Cato thinks so in light of today’s Supreme Court ruling:
In a 5-4 decision today, the Supreme Court struck down the Obama Administration EPA’s signature “Mercury and Air Toxic Rule,” which regulates emissions by fossil-fuel-fired power plants. Before regulating, EPA was obligated to decide whether regulation under one the Act’s most burdensome programs was “appropriate and necessary.” EPA interpreted that language to preclude it from considering the costs of regulation—some $10 billion per year, in exchange for $4 million or so in direct benefits. That interpretation, the Court decided, was ludicrous.

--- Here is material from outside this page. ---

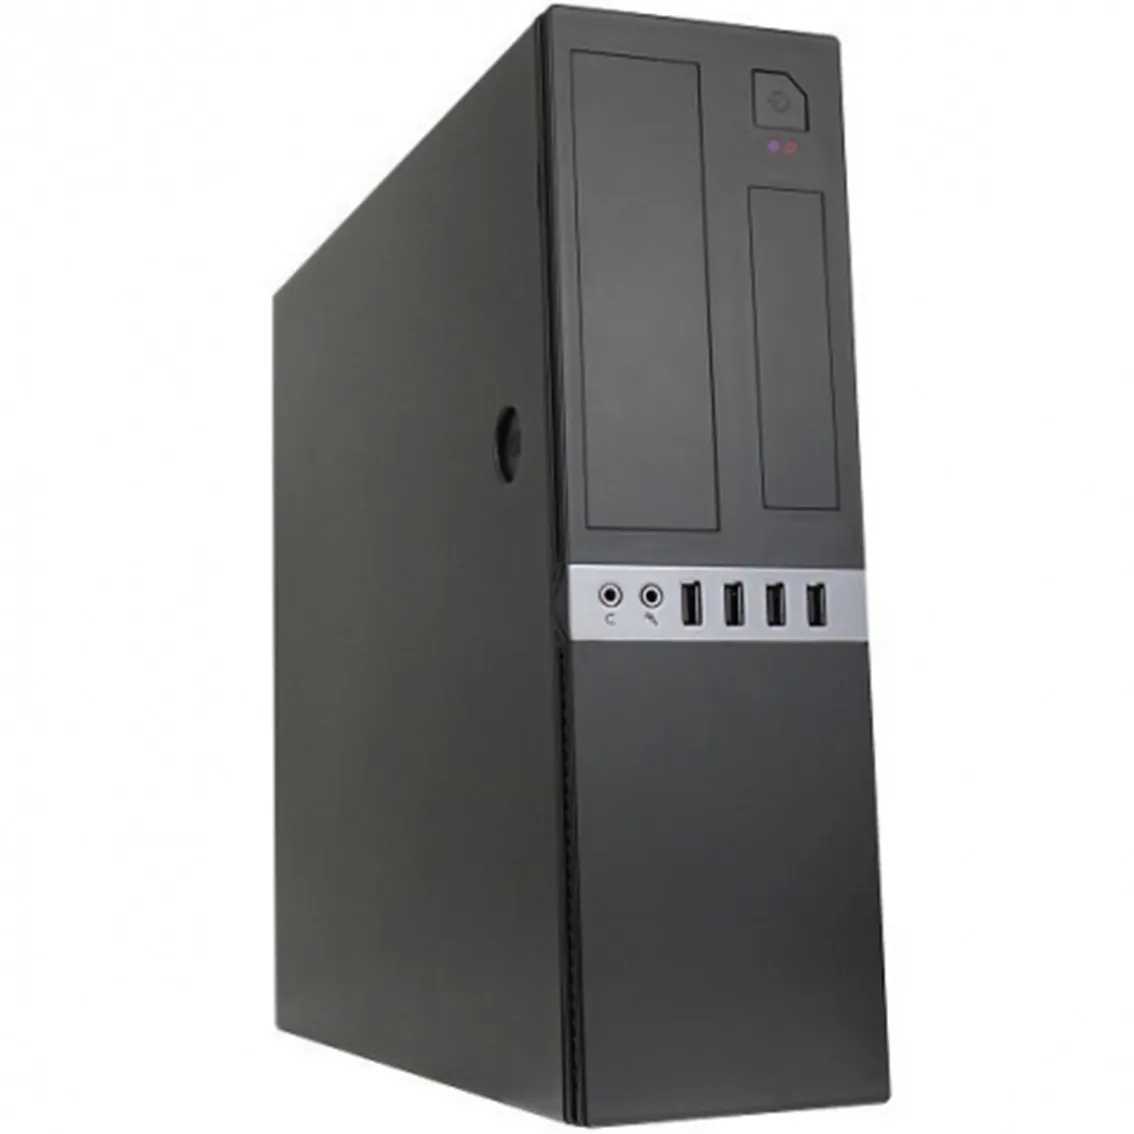 Caja ordenador sobremesa coolbox microatx slim t450s usb 3.0 fuente sfx 80+ 300 incluida
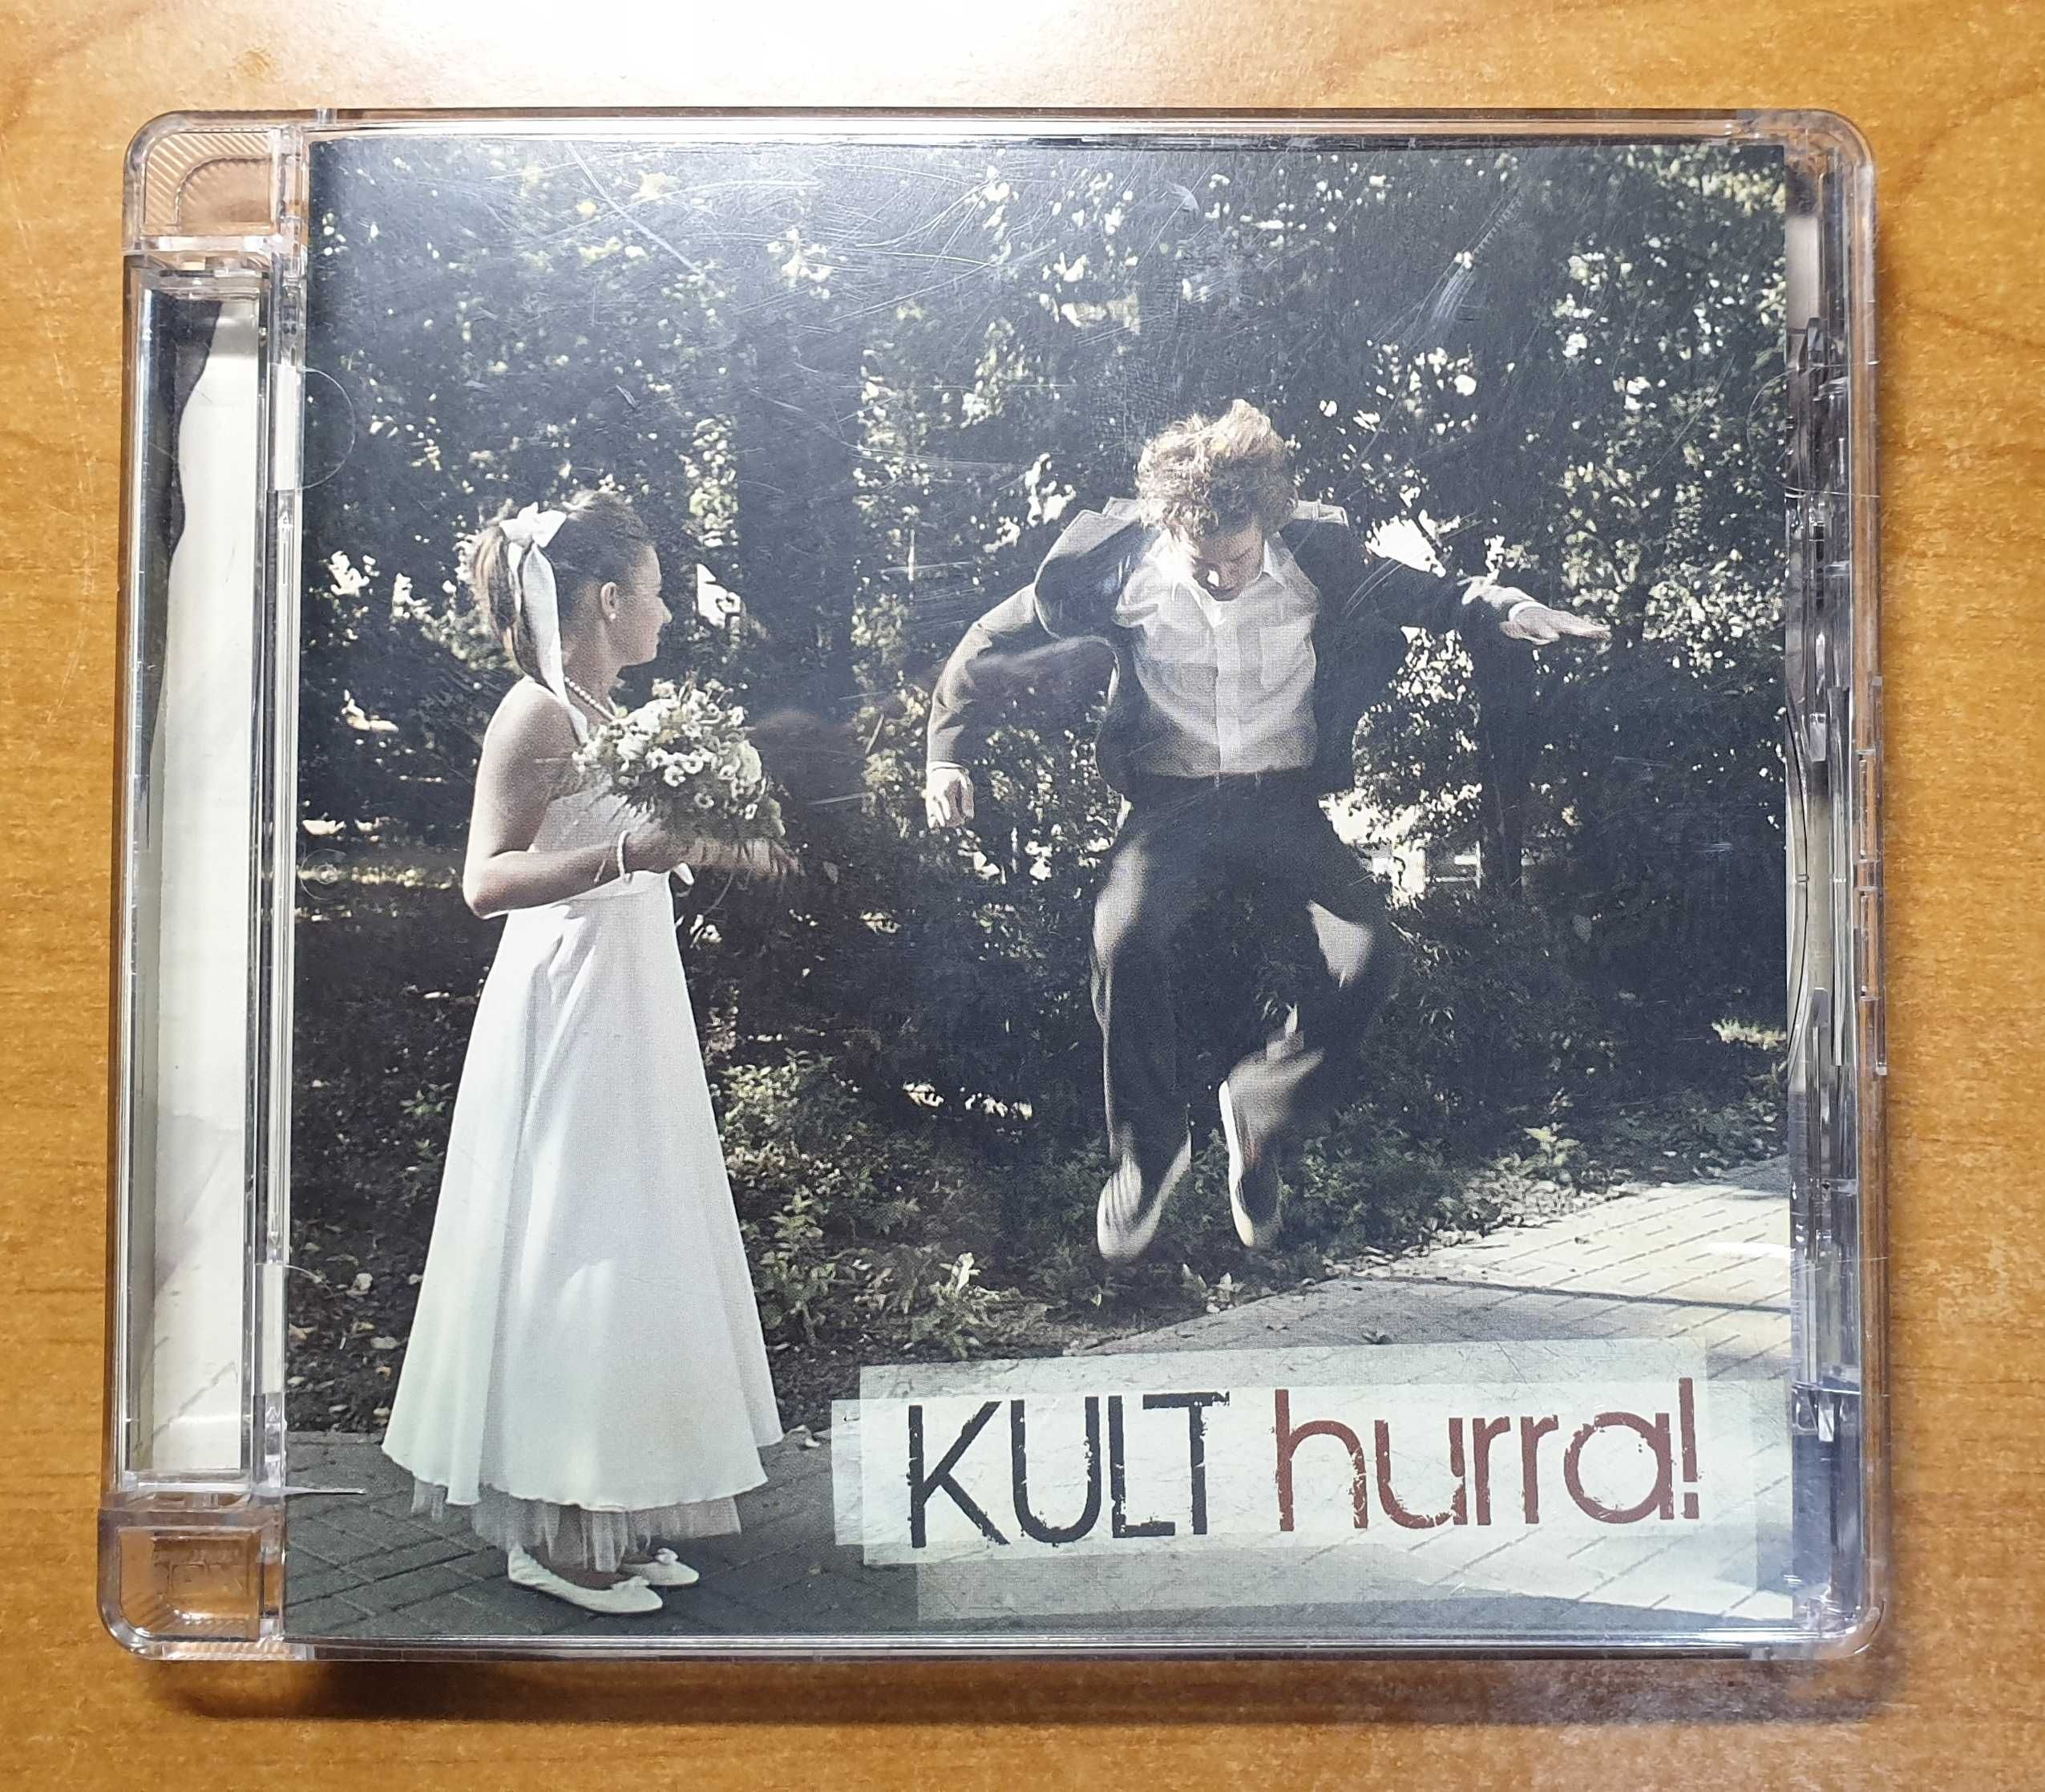 KULT hurra! pierwsze wydanie płyta jak nowa Kazik Staszewski 2009 #1

The decision may well leave the Obama climate agenda in tatters. Why that is requires a bit of explanation. In the usual case when the Court finds a rule to be unlawful, it vacates the offending action—in other words, deprives it of legal force. But that’s not what the Court did here. Instead, it sent the case back down to the D.C. Circuit for further proceedings, knowing full well that that court will follow its usual practice of “remand without vacatur”—in other words, let the agency fix any flaws in its rule while leaving the rule in place.
This is a very big deal. The centerpiece of the Obama Administration’s climate agenda is EPA’s so-called “Clean Power Plan,” which aims to cut power plants’ carbon-dioxide emissions by around 30 percent and force the phase-out of coal-fired generation. But the statutory authority that EPA claims supports this effort explicitly carves out any regulation of facilities that are already subject to regulations like the Mercury Rule. So if the rule remains in place—as seems likely—then the Clean Power Plan should be dead in the water.